## EXERCISE DETAILS:
Every line of the data below is to be given again as it appears, with the images removed.

## DATA BELOW:
================
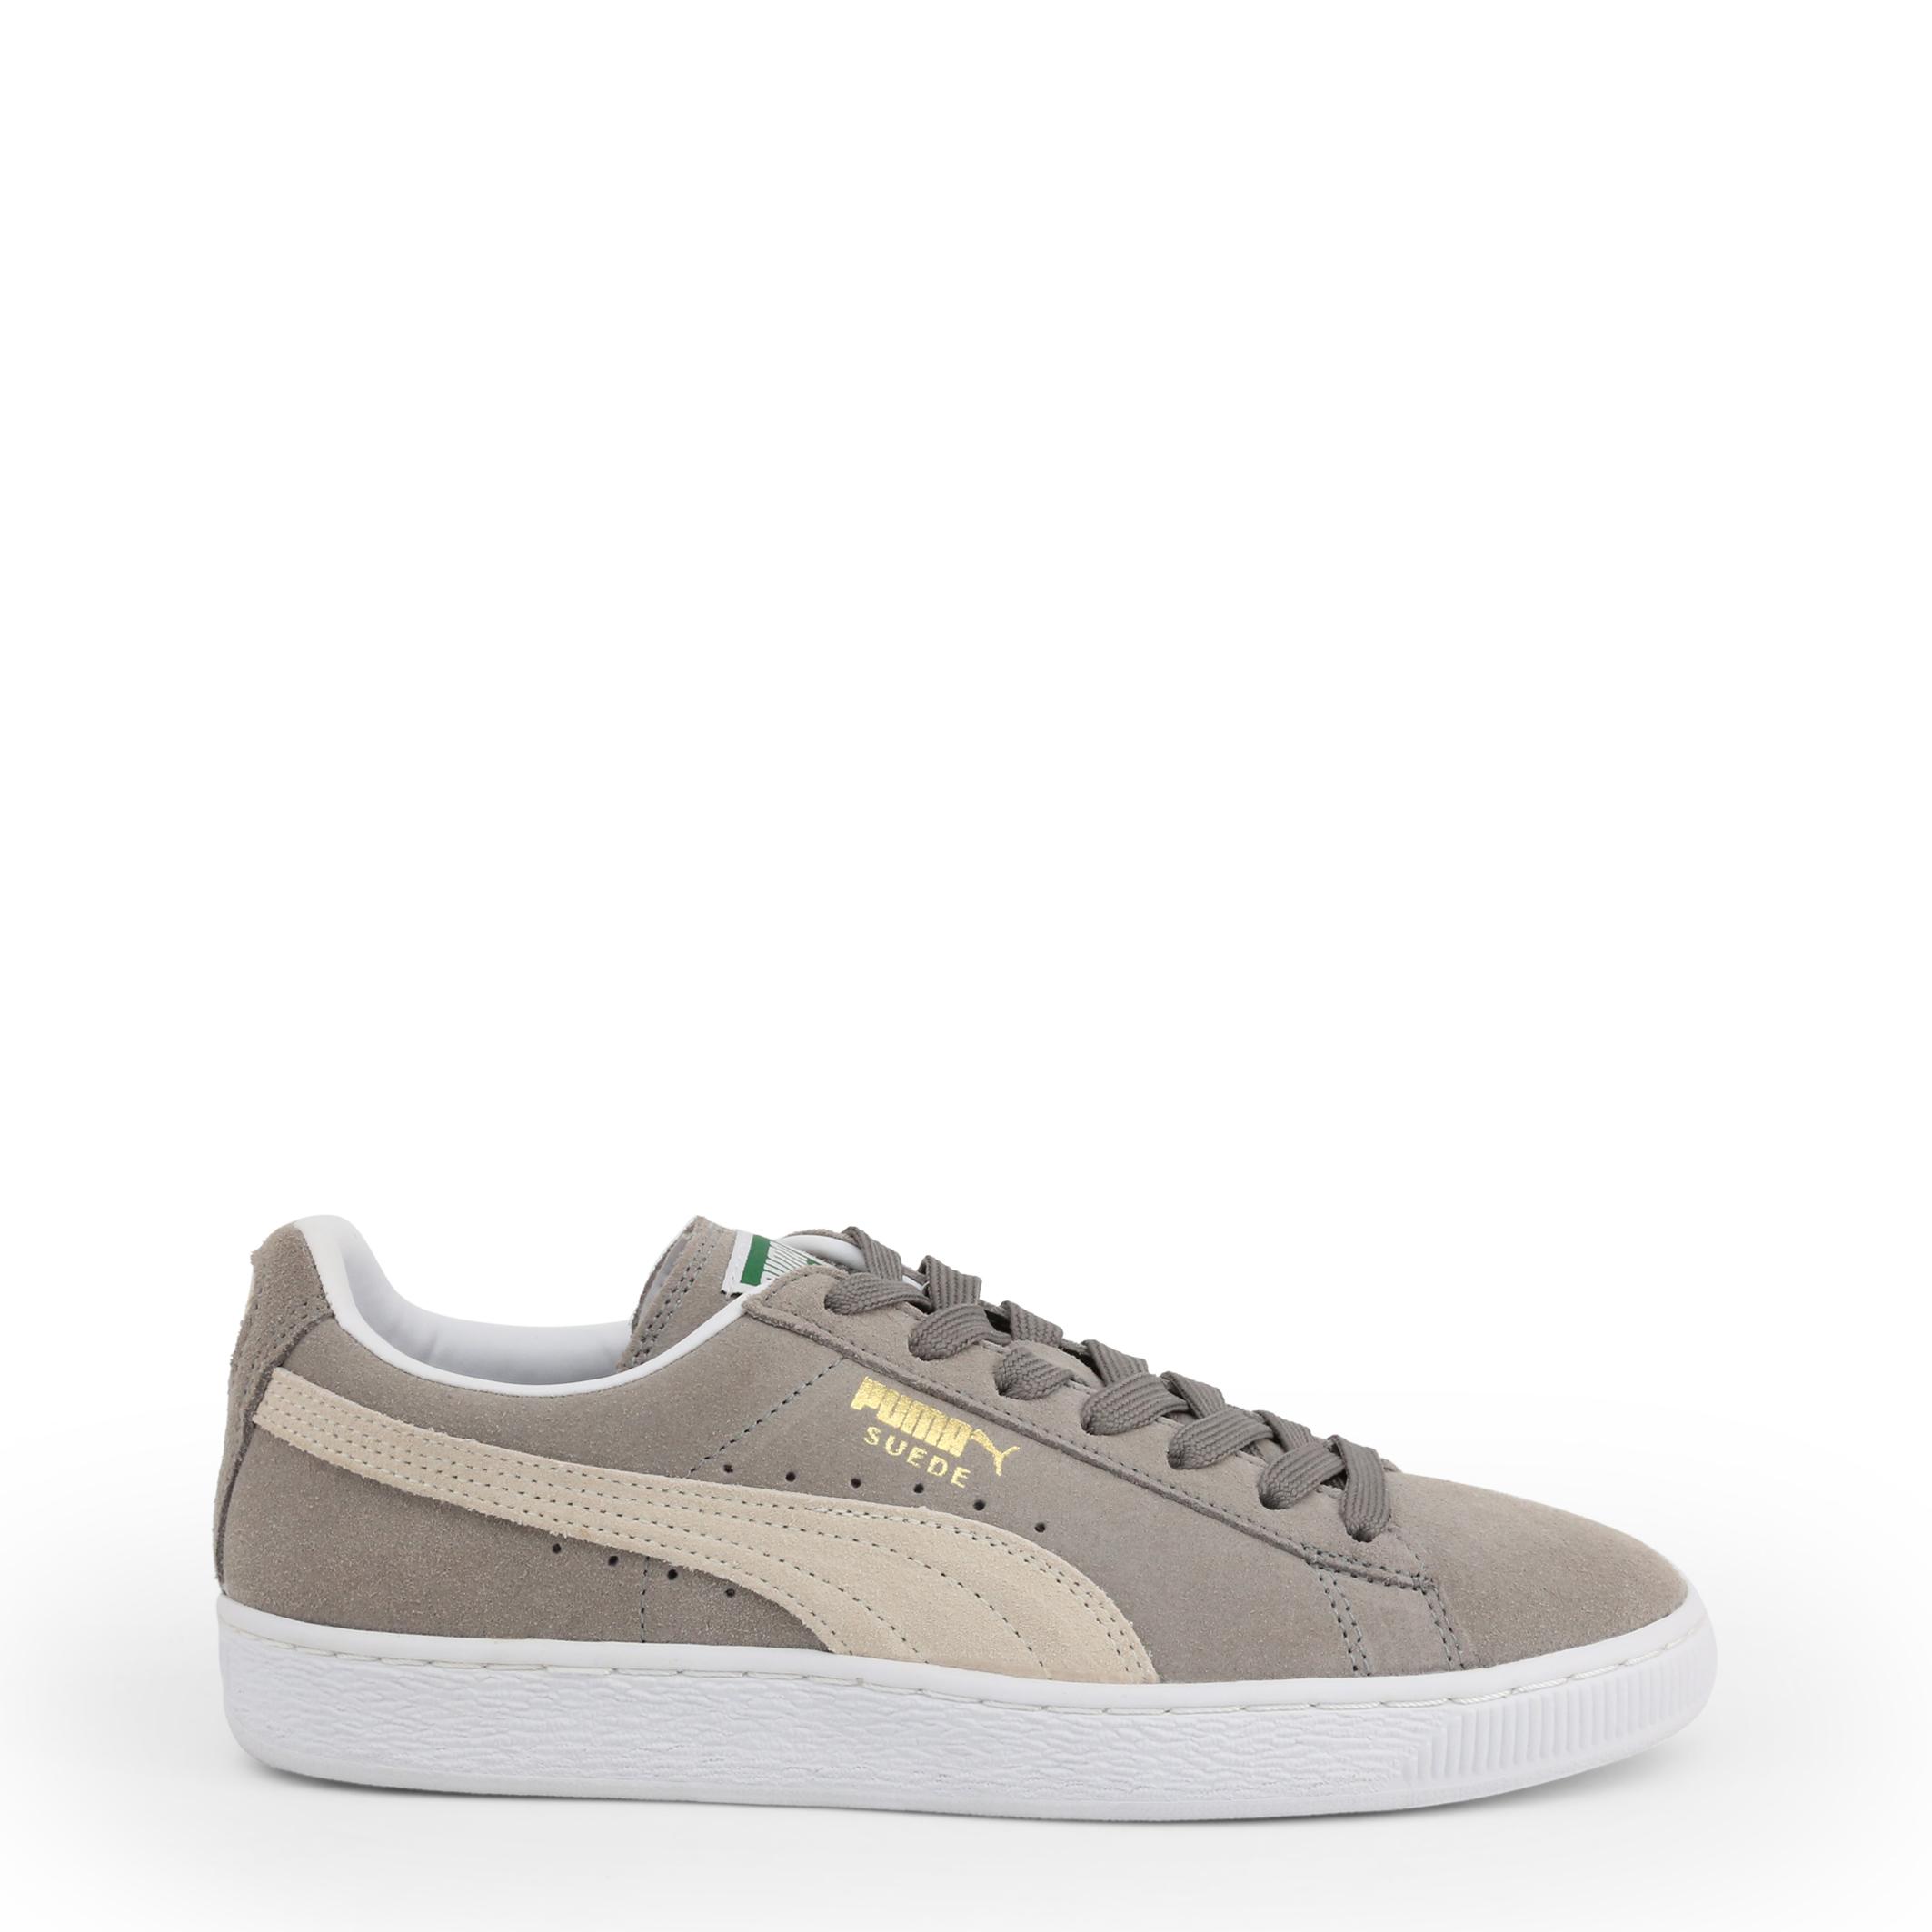 Puma Suede Classic 927315
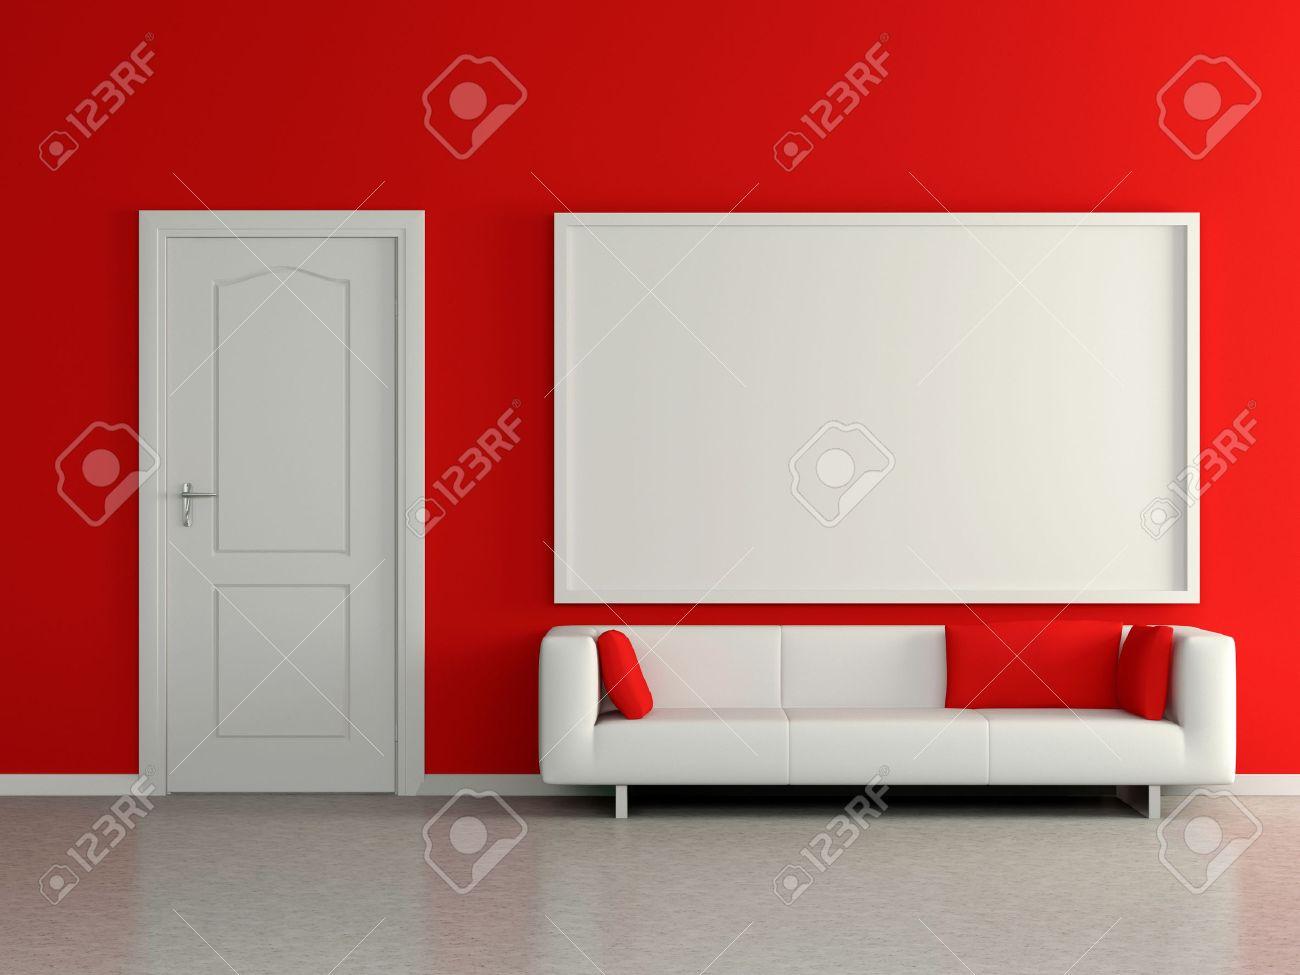 Intérieur De La Maison Moderne Avec Canapé Près Du Mur Rouge Et La Peinture 3d
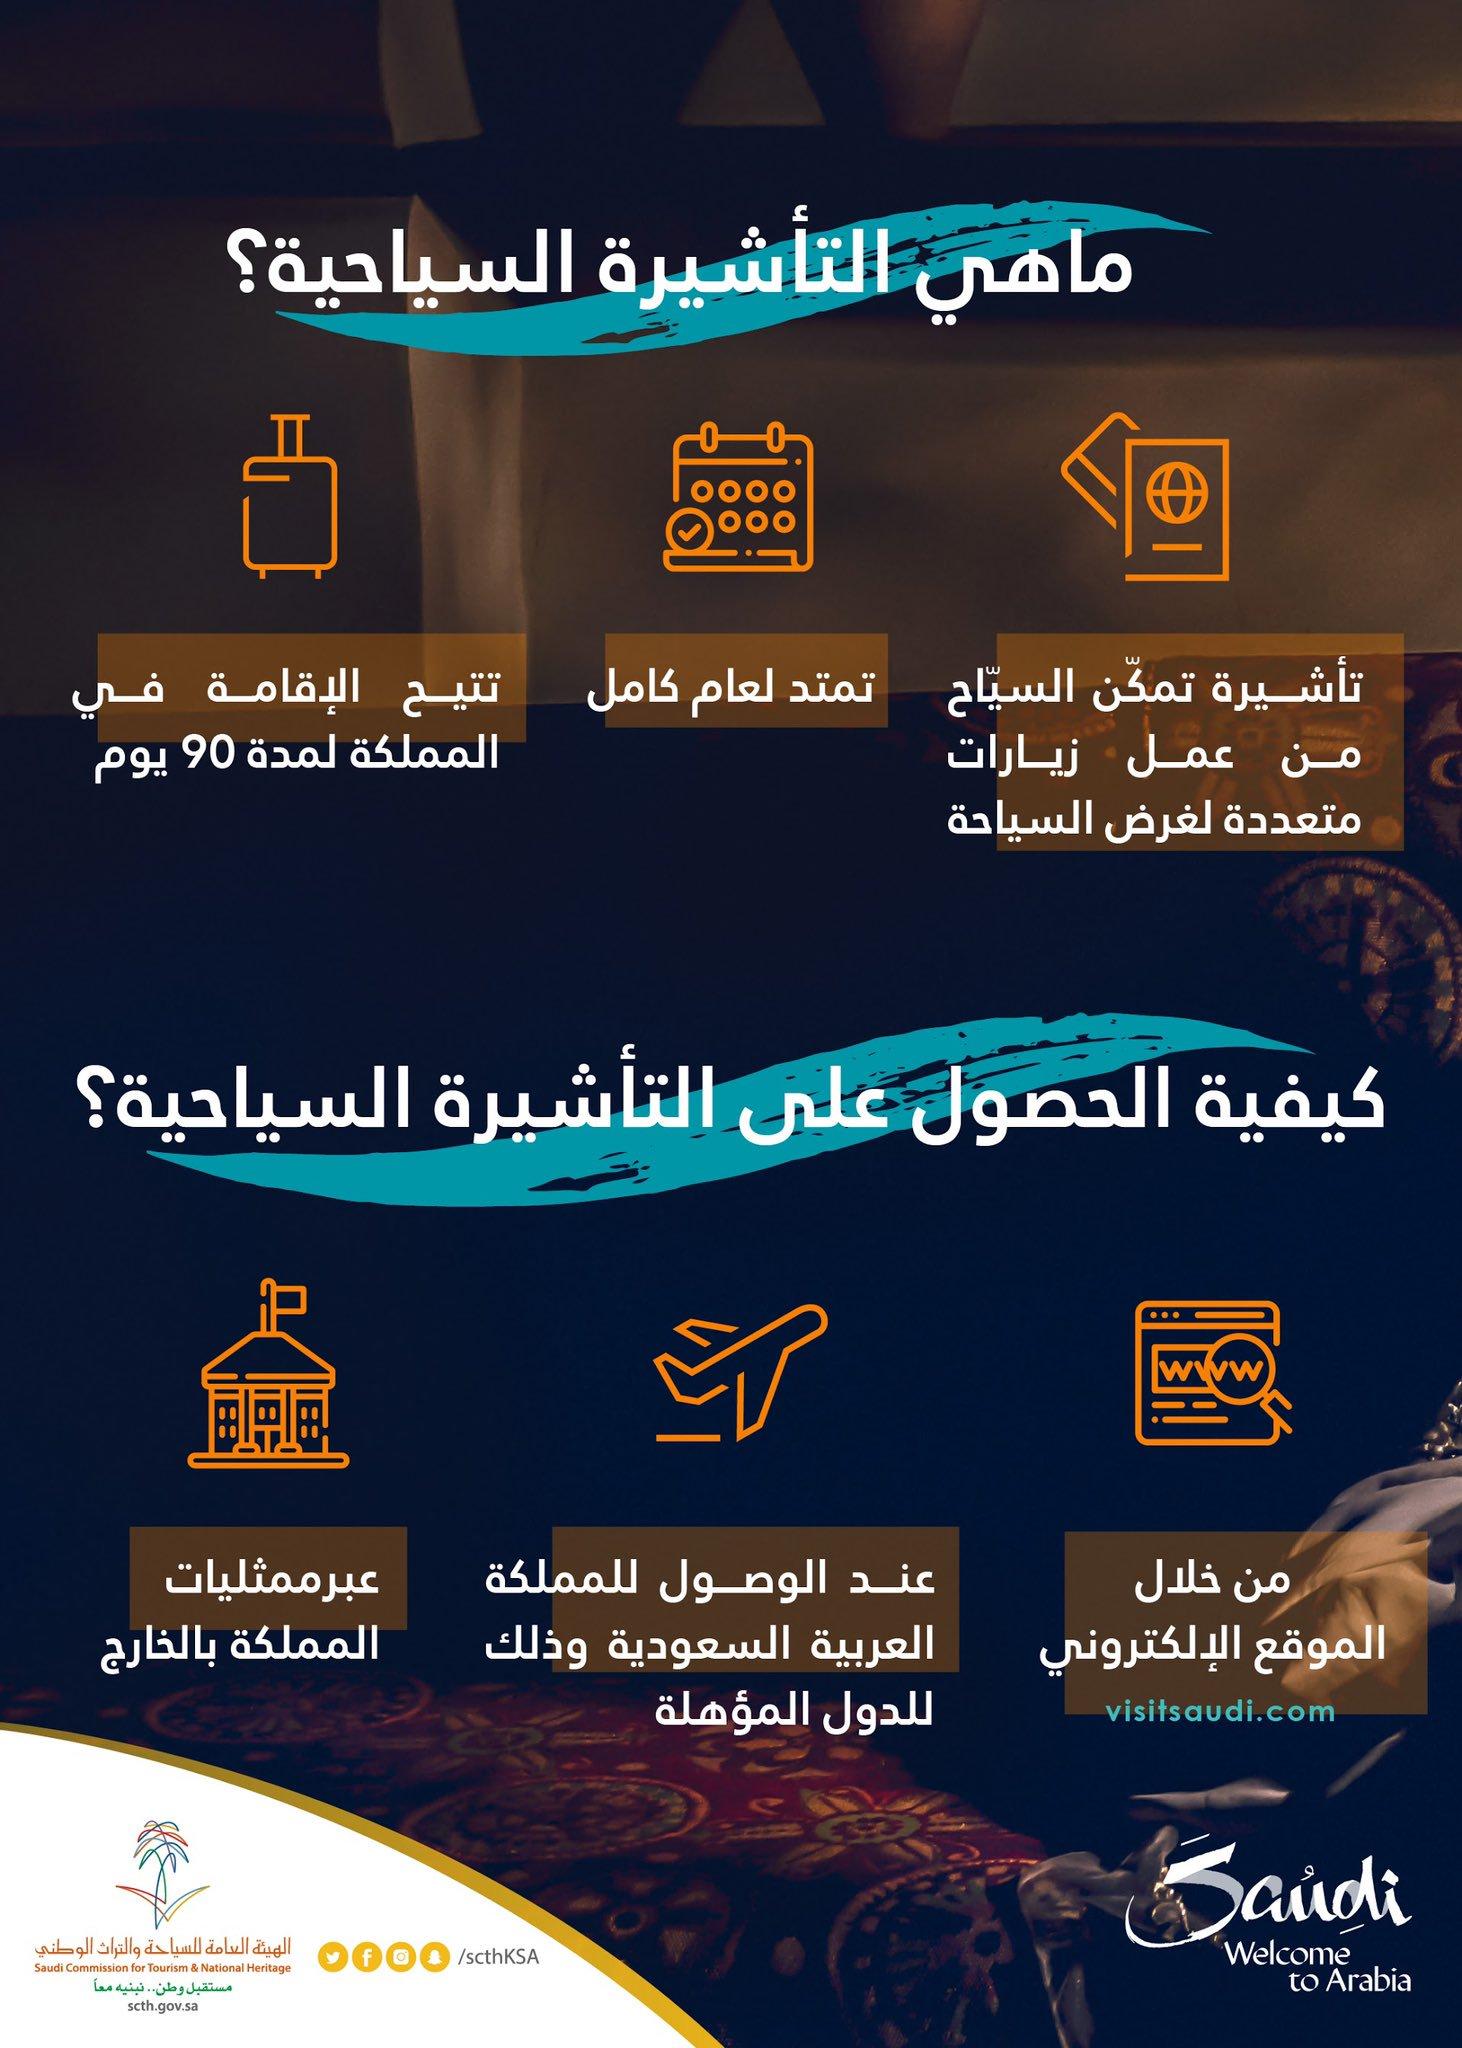 استخراج فيزا سياحية للسعودية
================
## SOLUTION FOR THIS EXERCISE:
 Puma Suede Classic 927315
 Intérieur De La Maison Moderne Avec Canapé Près Du Mur Rouge Et La Peinture 3d
 استخراج فيزا سياحية للسعودية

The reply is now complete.